On the hill's seaward side rose a funny, cleared hump with a few short spruce dotted on it like children playing
Mother May
I
; motionless only because you were looking. Marianne looked away so they could move again, then whirled back on them. But they were too clever to let her catch them. They were good.

She remembered to look at the rose and its bud that had cracked into existence on the road. Near them lay a giant upturned root, like a crazy sun-wheel. There was Mrs. Ruby's house, across the road. Marianne saw no smoke—was she in? You had to go around the back since they closed the store down. Over the gate to Walter's cabbage garden ran a clothesline with cup towels on it. The store sign lay near the back door:
Ruby's Store
painted in black and green. It looked too new to be lying on the ground, the paint twinkling. Marianne knocked. A huge cat hunched on the gatepost, motionless. The head of Mrs. Ruby peeped around the door; scrawny, curious and bedraggled as a murre hatchling.

“Are you not up yet, Mrs. Ruby?”

“Yes child, we're up, come in. What were you doing over in Ralph Carlyle's house?”

“How did you …”

“Never mind, come in, child.” Mrs. Ruby wore a bright yellow blouse with black and brown zigzags that looked like buildings falling down. Walter sat at the table eating a chicken leg. The kitchen was full of cooking smells, the woodstove crackling and throwing waves of heat. Leo, the grown son, fried fish and onions in a cast iron pan.

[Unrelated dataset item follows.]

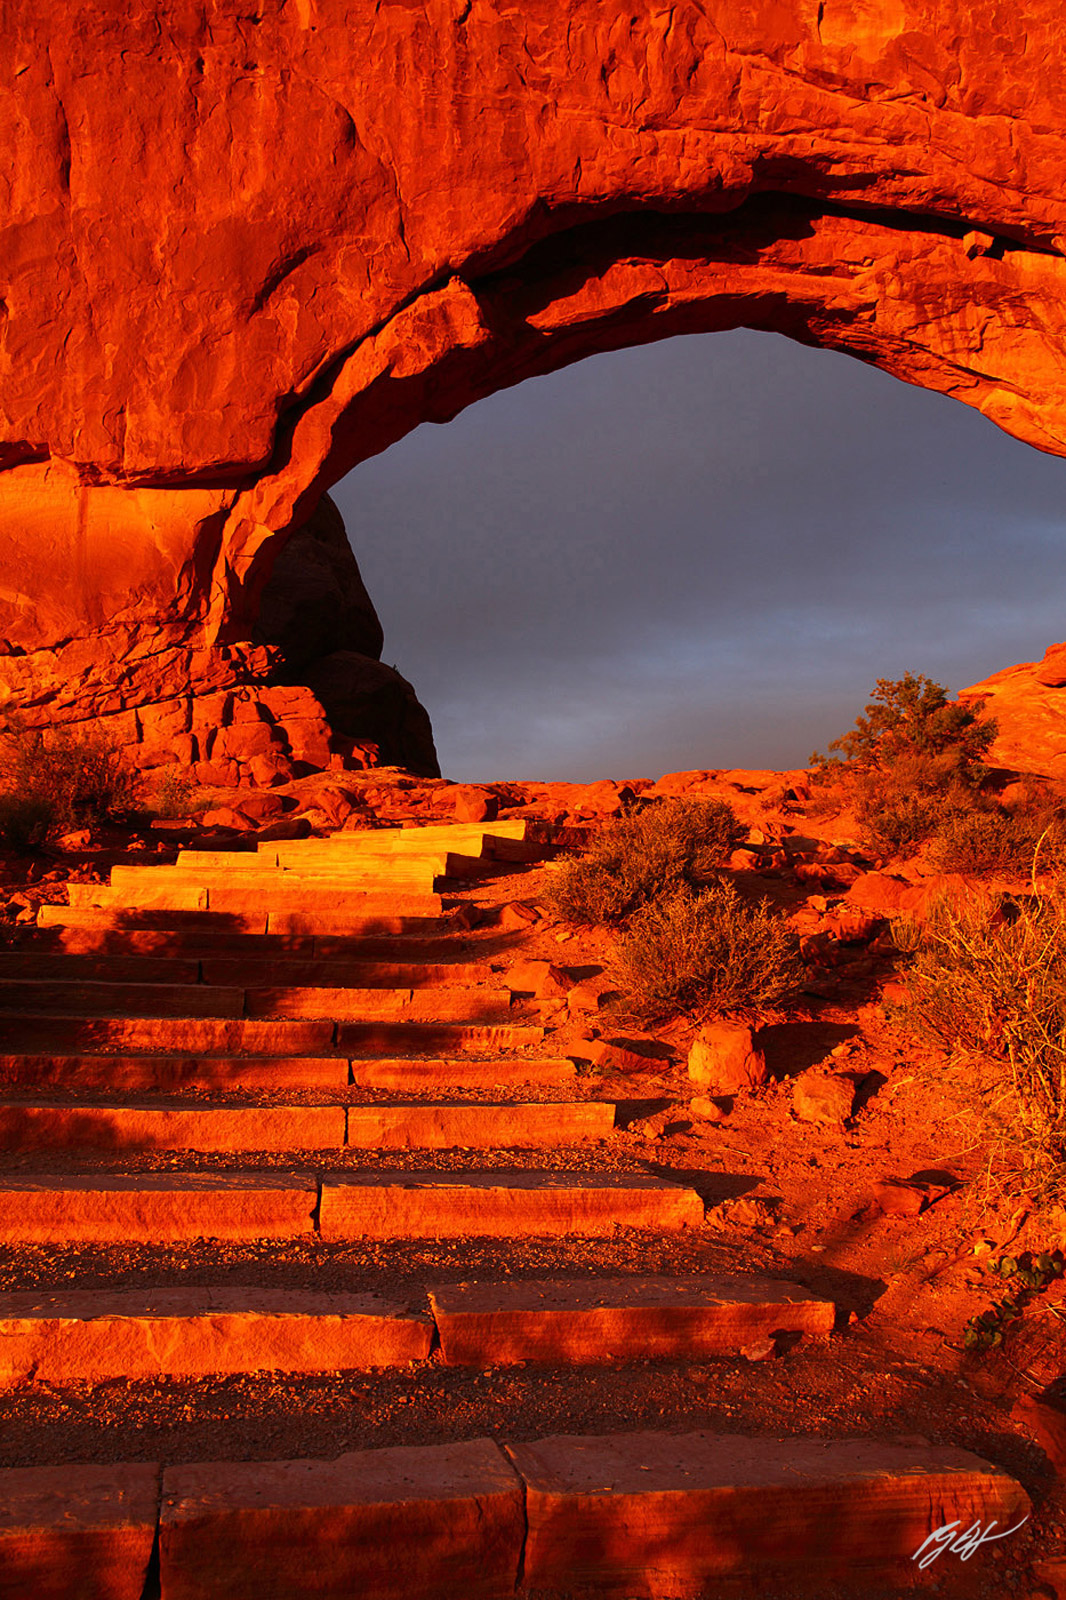 Evening Light on Steps Leading up to the North Window from Arches National Park in Utah

“I've brought you a few shavings …”

“Well look, would you believe it, Walter, what the girl has brought, and her with no way of getting wood.” She flung the shavings on top of her woodpile without ceremony.

Walter, thin and ancient, appraised the armload. “Good splits they are, too.” He returned to his drumstick.

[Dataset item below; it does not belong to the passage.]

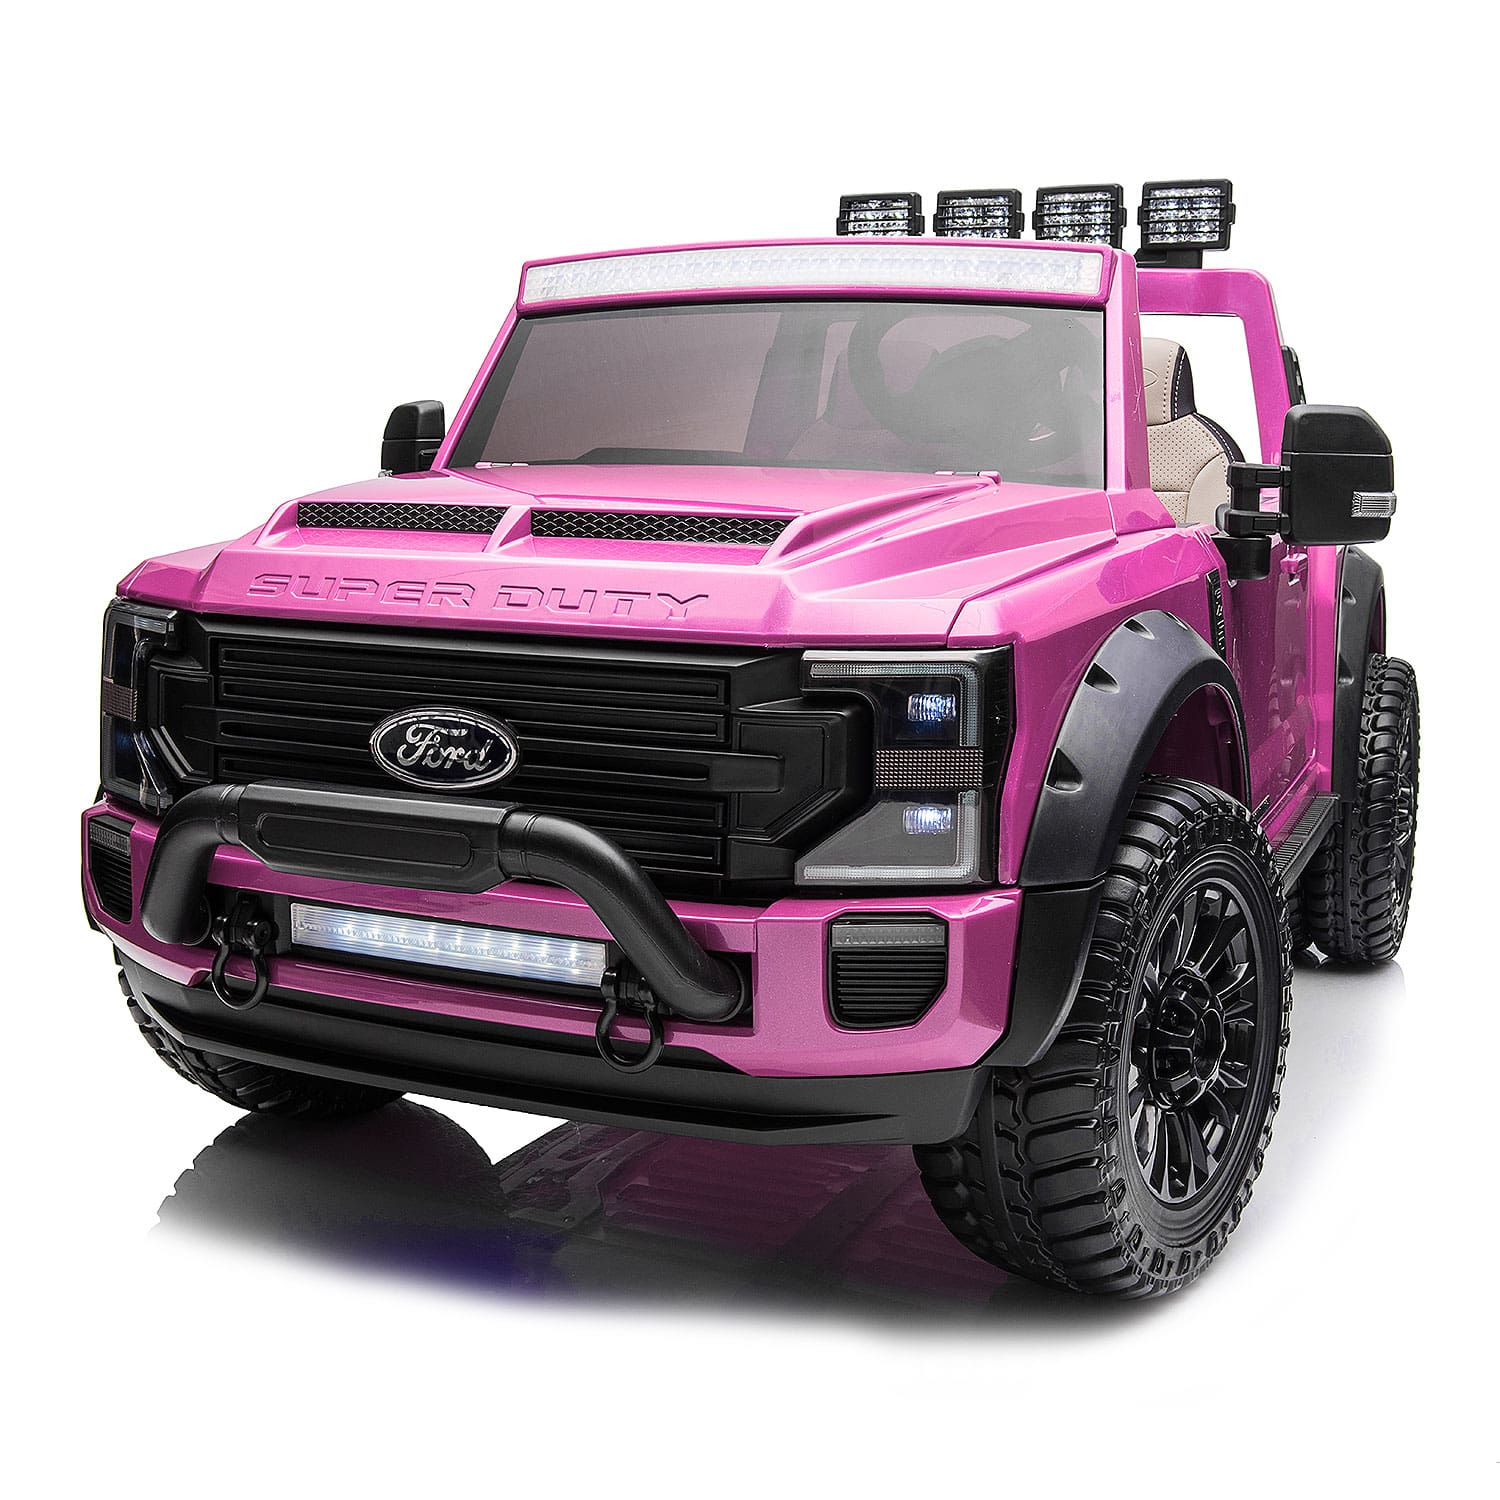 Ford Super Duty Electric Toy Car - Pink

“Yes, very good ones they are too,” parroted Mrs. Ruby. She brushed her hair at the mirror by the back door and it was as if a dandelion clock had brushed its fluff. Then she took a mop leaning in a corner, threw a teacup of water over it, and mopped a spot on the floor, sending bread crusts clattering. Marianne had never seen anyone mop a floor with a cup of water, and looked to see if this act surprised Walter, but it did not.

“We're waiting for Sister Jean to come from town with the laundry. Here, Walter, take that off—you don't want Sister Jean to see that dirty old thing.” Mrs. Ruby brought an Adidas sweatshirt out of another room. “Put this on.” She rived his sweater off and pulled the new shirt over his head.

Once it was on, he kept being startled by the three white stripes down the sleeves. “I keep thinking,” he confided to Marianne, “they're on the floor.”

Mrs. Ruby spied the pan of fish and onions crackling on the stove without Leo, who'd gone upstairs.

“He goes up and leaves the pan on!” She thudded over to shake it around with a knife. It sizzled loud. The pieces of fish shone in chunks from the dark thickness of the pan. “Come look at the new calendar in the mail from Sister Jean's friend Sister Amelia in Ecuador. Marianne, come over, look!” Illustrated Bible stories. Moses and the burning bush. Jesus alone and palely loitering in limpid gardens, his beard ethereal. A verse on the back said take life one trial at a time.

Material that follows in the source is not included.